In the case of reinforcing part i.e. wood particles, proper interfacial bonding and dispersion of these particles throughout the matrix lead to enhanced properties especially mechanical properties. To this end, effective processing conditions, using a suitable coupling agent and/or treating the wood particles can greatly help to eliminate the imperfect dispersion of these particles within the polymer matrix. Investigation of previous works on fabrication of polyolefin based WPCs indicates that high-loading wood particles more than 50 wt% has lots of problems such as poor mechanical properties especially tensile properties.^4,8,11–17

In this work, we try to optimize the processing temperature, processing time and coupling agent content for high-loading (55 wt%) WF reinforced HDPE composites to achieve the enhanced mechanical, viscoelastic, thermal and physical properties. Appropriate concentration of coupling agent can facilitate the dispersion and increase amount of incorporated wood flour (WF) particles into the polymer matrix. The mixing time and temperature have significant effects on dispersion of all particles (i.e. wood particles) and additives (i.e. coupling agent, anti-flame, antioxidant, antibacterial additives) during the melt compounding and consequently the desired characteristics are obtained for ultimate compound.

Experimental

Materials

High density polyethylene (HDPE), 62N07 with melt flow index (MFI) value of 7 g/10 min (2.16 kg at 190°) was purchased from Lorestan Petrochemical Co., Iran. Commercial Irganox 1010 (powder with molecular weight of 1178 g/mol) and Chinox 168 (powder with molecular weight of 646.94 g/mol) antioxidants were provided from BASF Co., USA and Double Bond Chemical (DBC) Co., Taiwan, respectively. Anti-flame powder (Sb₂O₃) with melting point of 656°C was supplied from Starbetter Co., China. Calcium stearate powder (melting point of 150°C) and paraffin wax (CH36WAX, melting point of 105°C) were provided from Chimiaran Co., Iran. Silver nanoparticle (SNP501) with size of 10–60 nm and density of 10.5 g/mol was purchased from Armina Engineering Co., Iran. Maleic anhydride grafted polyethylene 1040 (MAPE) was obtained by ExxonMobil Co., USA, with MFI of 1 g/10 min. Waste poplar flour (PF) was supplied from a local sawmill in Tehran, Iran. The sawdust was milled down to particle size of 60 mesh and then dried at 100°C for 24 h to less than 2% moisture content.

Sample preparation

At first, appropriate amount of HDPE was compounded with MAPE for 1 minute in a 60 mL internal mixer (Brabender, GmbH & Co., Germany) with the rotor speed of 60 rpm. Secondly, other additives including antioxidants (2.5 wt%, 2:1 w/w ratio of Chinox 168 to Irganox 1010), anti-flame (4 wt%), calcium stearate (1.5 wt%), paraffin wax (3 wt%) and silver nanoparticle (0.5 wt%) were added and the mixing continued for another minute and then the PF (55 wt%) was added and compounding continued for appropriate time. Formulation of the each specimen with different processing times (5, 10 and 15 minutes) and temperatures (165 and 180 and 195°C), and MAPE contents (2 and 4 wt%) are shown in Table 1. The mixed samples were finally hot pressed in a press machine (Toyoseiki, Japan) to make some sheets with appropriate thickness.

Table 1.

Processing conditions of HDPE/WF composites.

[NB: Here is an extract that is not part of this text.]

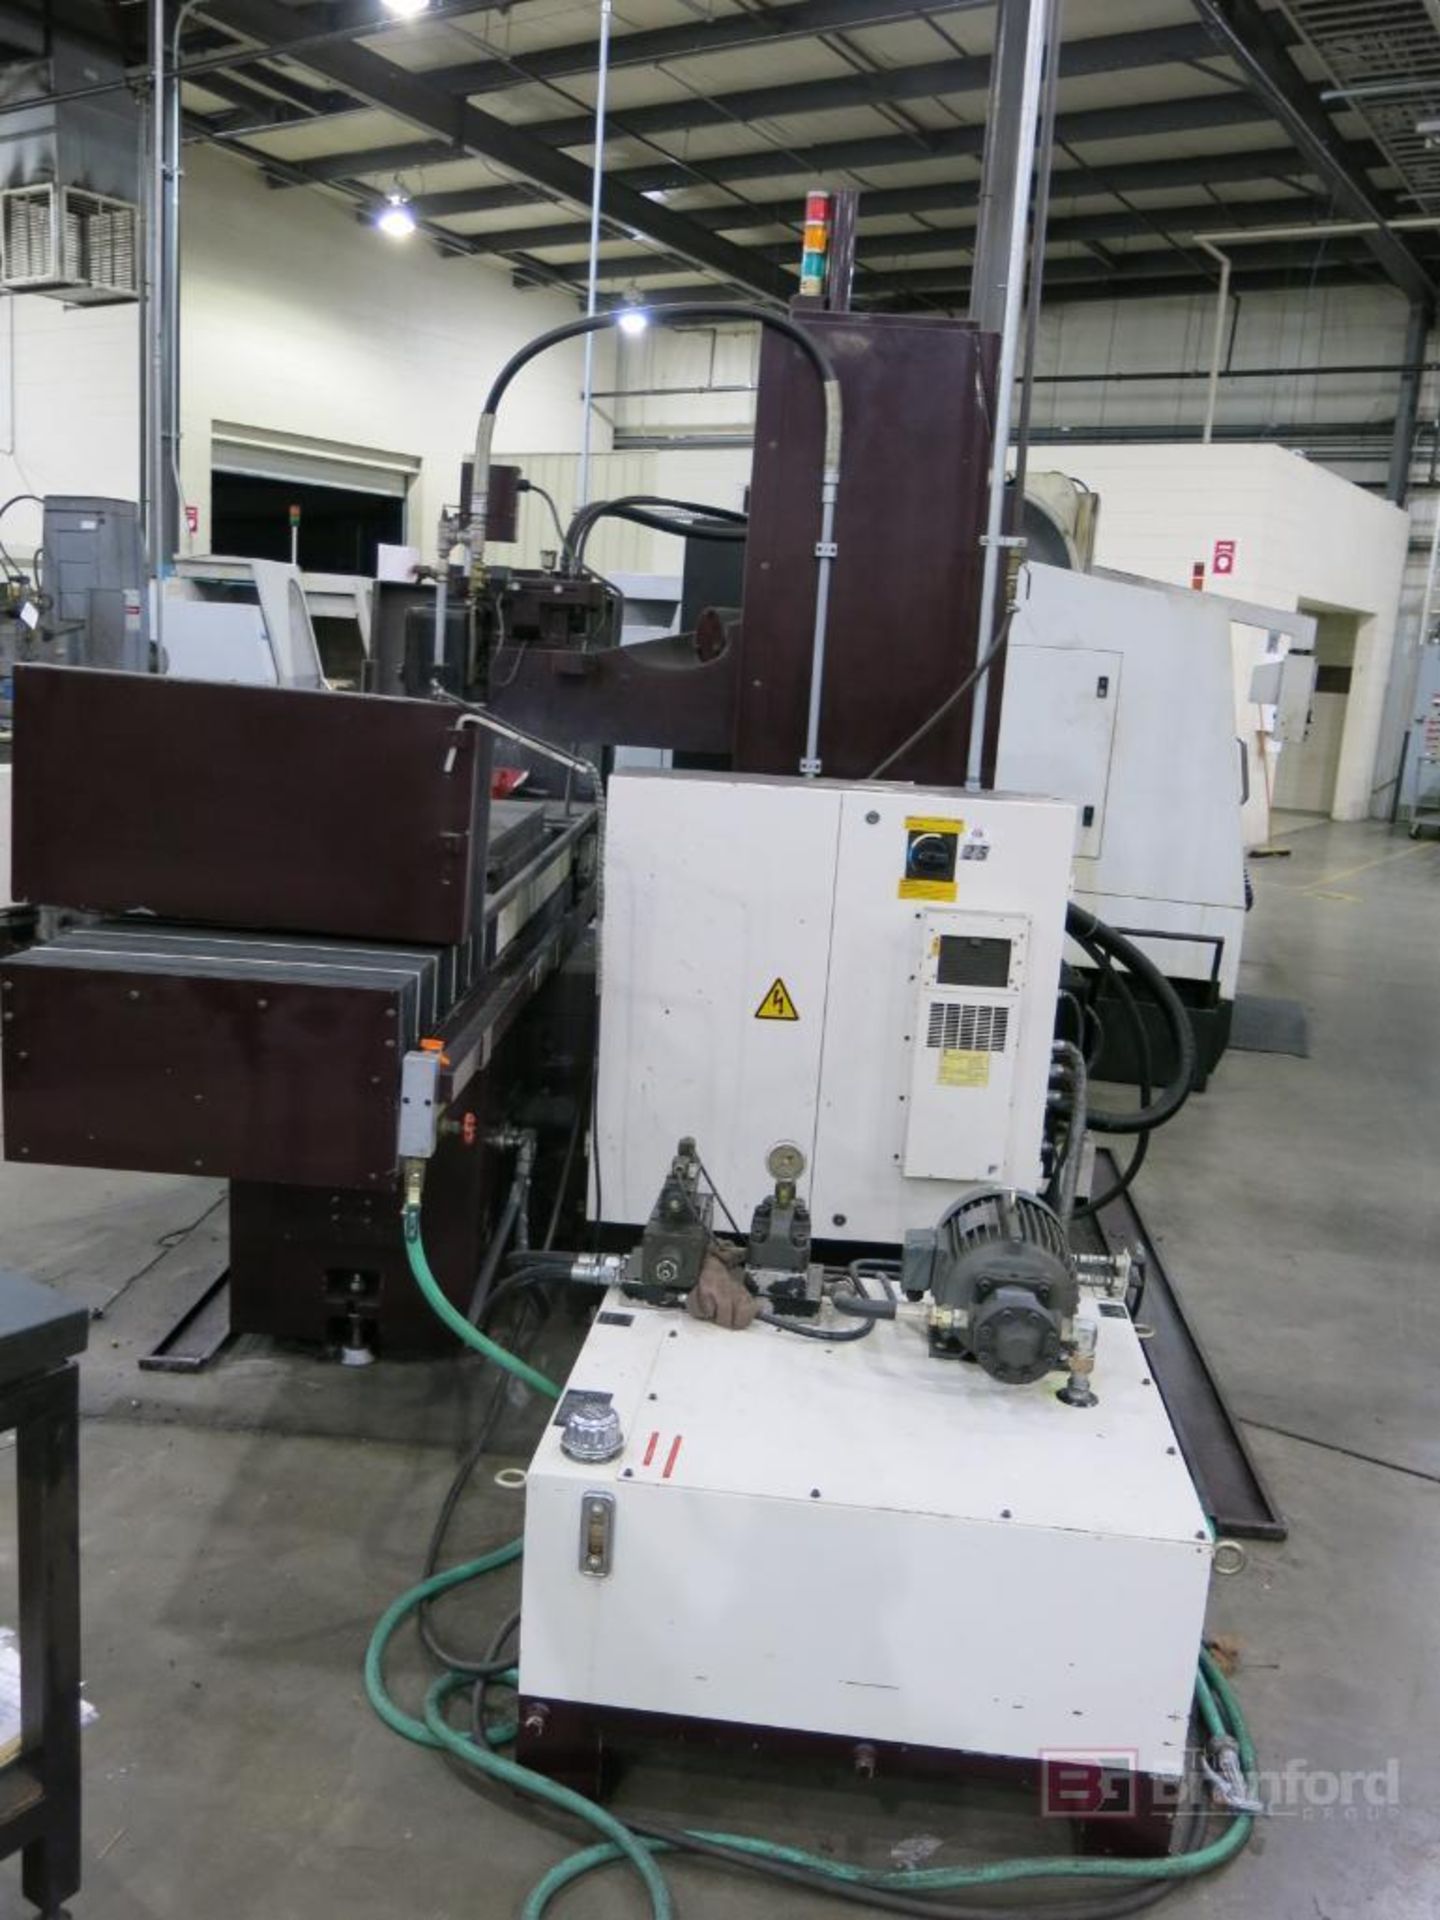 Chevalier Model FSG-240ADII Surface Grinder w/ 20" x 40" Magnetic Chuck - Image 5 of 6

Sample code	Processing temperature (°C)	Processing time (min)	MAPE content (wt%)	HDPE content (wt%)
165-5-2	165	5	2	31.5
165-5-4	165	5	4	29.5
165-10-2	165	10	2	31.5
165-10-4	165	10	4	29.5
165-15-2	165	15	2	31.5
165-15-4	165	15	4	29.5
180-5-2	180	5	2	31.5
180-5-4	180	5	4	29.5
180-10-2	180	10	2	31.5
180-10-4	180	10	4	29.5
180-15-2	180	15	2	31.5
180-15-4	180	15	4	29.5
195-5-2	195	5	2	31.5
195-5-4	195	5	4	29.5
195-10-2	195	10	2	31.5
195-10-4	195	10	4	29.5
195-15-2	195	15	2	31.5
195-15-4	195	15	4	29.5

Measurements

Tensile properties of prepared samples with dimension of 2 × 10 × 40 mm³ were examined using a SMT-20 universal tensile machine (Santam Co., Iran) at room temperature and the crosshead speed of 5 mm/min. A SIT-20E impact tester (Santam Co., Iran), according to ASTM D256, was applied for notched Izod impact test. A SHB-512 shore D durometer (Santam Co., Iran) was used for determining hardness of samples according to ASTM D 2240. For each composition, three samples underwent these tests and the average were reported.

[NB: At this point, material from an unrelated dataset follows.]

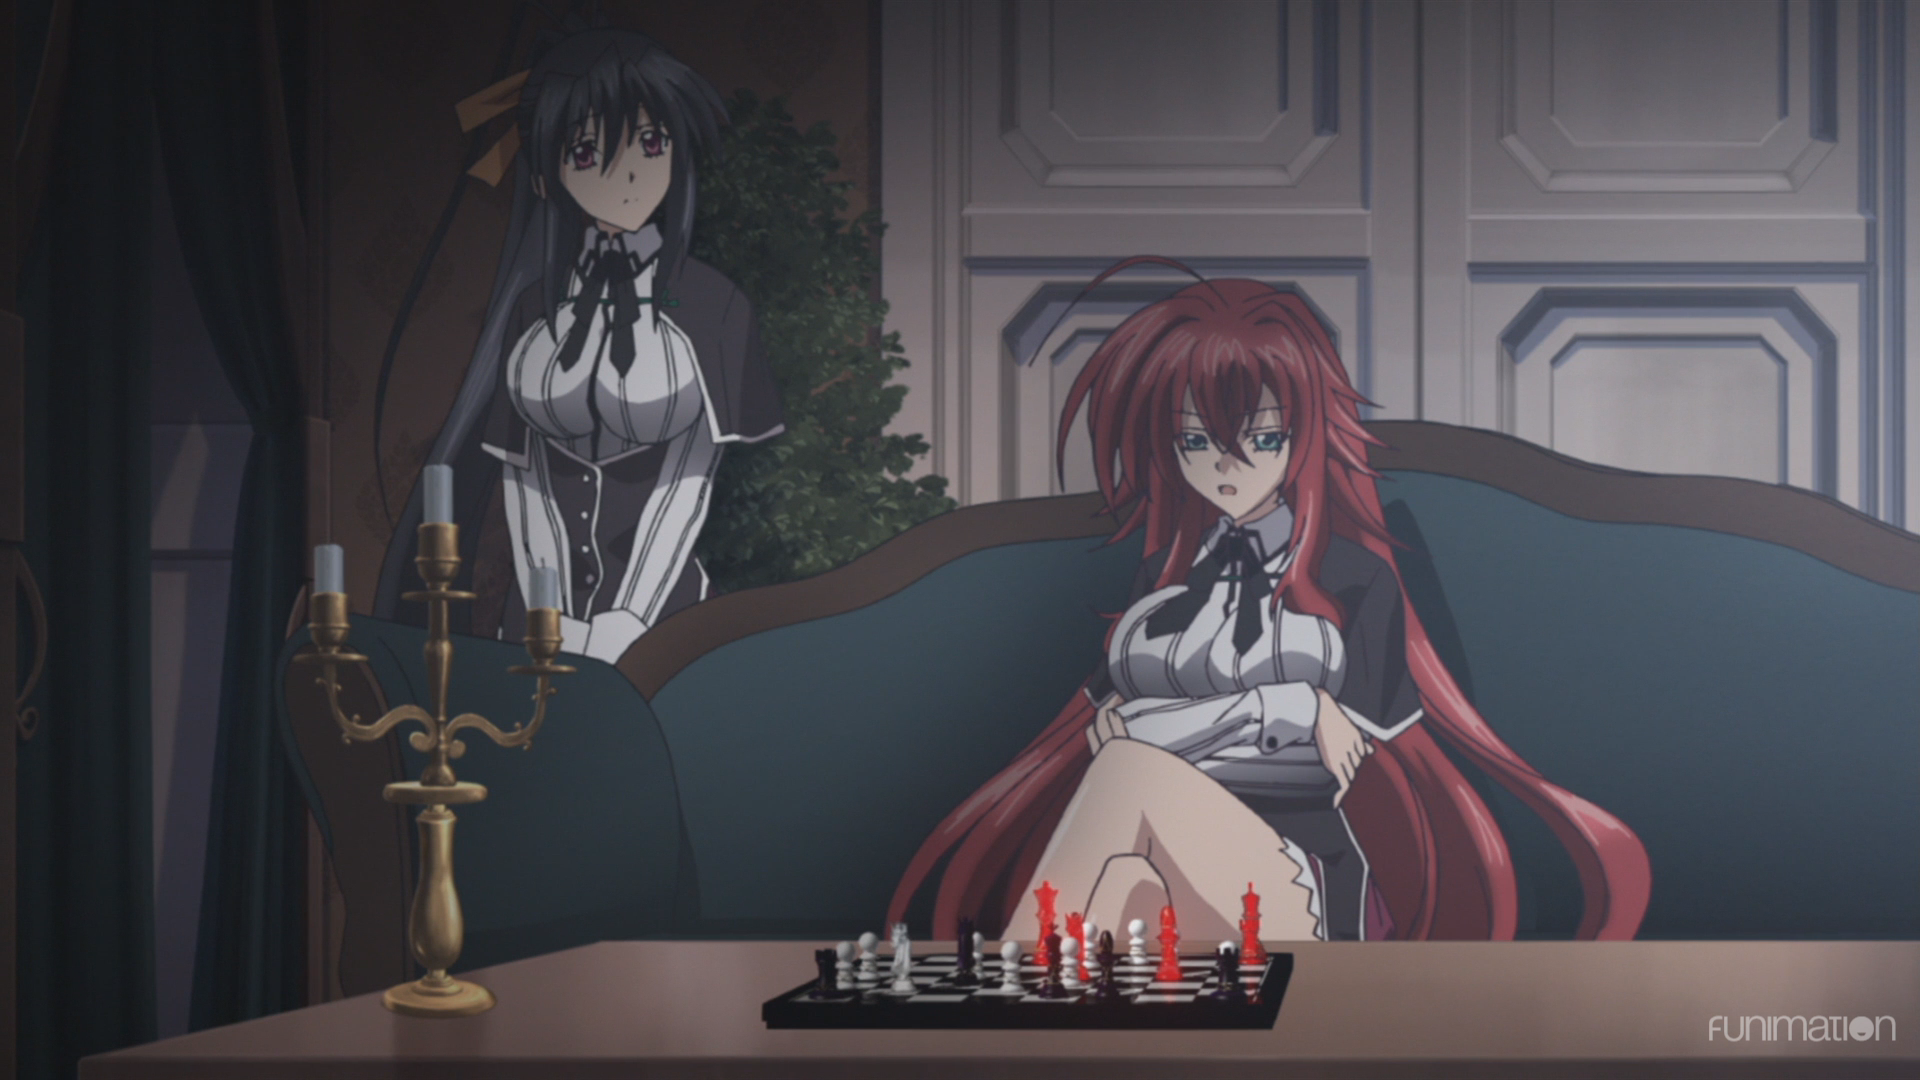 Best of All episodes of highschool dxd

Viscoelastic behavior of the samples was evaluated employing a Tritec 2000 Dynamic mechanical thermal analysis (DMTA) instrument (Triton Co., UK), under the tension mode, heating rate of 5°C/min and a frequency of 1 Hz. Also, a 68517 creep testing machine (Karl Frank Co., Germany) was applied to measure the short-term creep behavior of samples at 23, 33, 43, 53 and 63°C. The specimen gauge length was 25 mm and area of 10 × 2 mm². The test was carried out at 3 MPa stress and duration of 30 minutes.^18,19

A PL-800 differential scanning calorimetry (DSC) instrument (Polymer Laboratories Co., UK) was used to study the thermal behavior of specimens under N₂ atmosphere and heating/cooling rate of 10°C/min from −25 to 225°C. Thermal history of the samples was eliminated holding them for 5 min at 225°C. Also, the weight loss (pyrolysis) of composites against temperature was evaluated using a PL-1500 thermogravimetric analyzer (TGA) (Polymer Laboratories Co., England) from 25 to 600°C with heating rate of 10°C/min under nitrogen atmosphere.

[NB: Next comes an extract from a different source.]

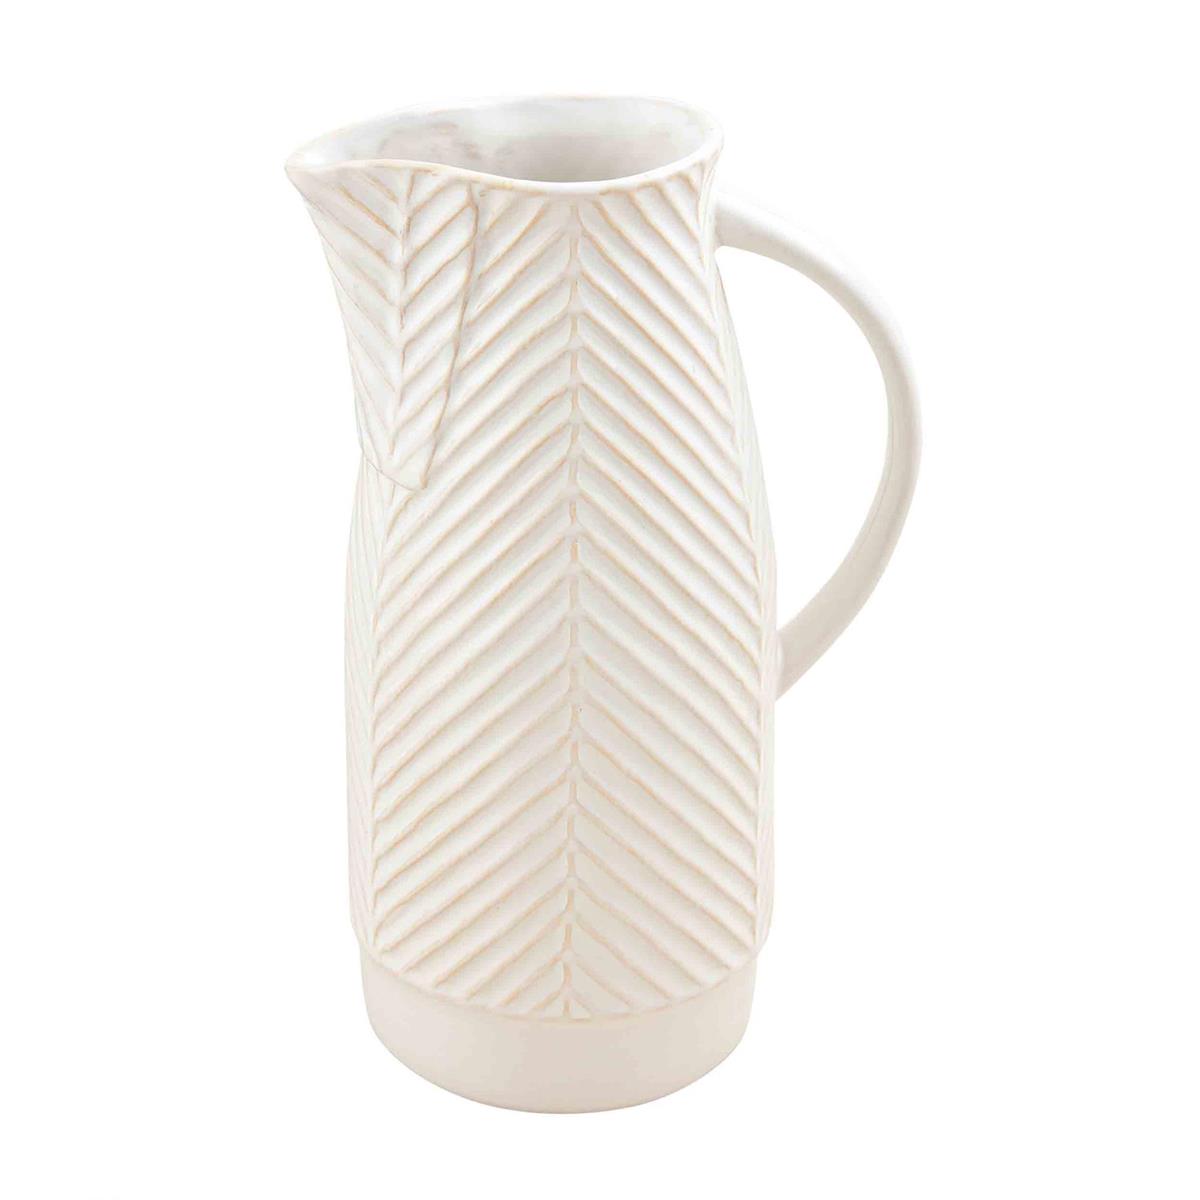 textured pitcher on a white background.

A Sessile Drop, KRUSS G10 (KRUSS Co., Germany) was applied to evaluate water contact angle (WCA). The surface of specimens was first washed with ethanol (70% v/v) to remove any deposited materials. Then, the deionized water drops (12 mL) mounted on five different areas of the sample surface and the average value was reported. Also, the water absorption test for the samples was performed according to ASTM D570. The content of water absorption was evaluated using the following equation:

W a t e r a b s o r p t i o n (%) = \frac{W_{t} - W_{0}}{W_{0}} \times 100

where W_t and W₀ are the weight of the sample after and before immersion in water, respectively. For each sample, three pieces was tested and the average was reported.

To investigate the morphology of composites, the samples were frozen in liquid nitrogen and then immediately fractured. The fractured cross sections were selected for study with a VEGA scanning electron microscope (SEM) (TESCAN, Czech Republic) with an accelerating voltage of 25 kV.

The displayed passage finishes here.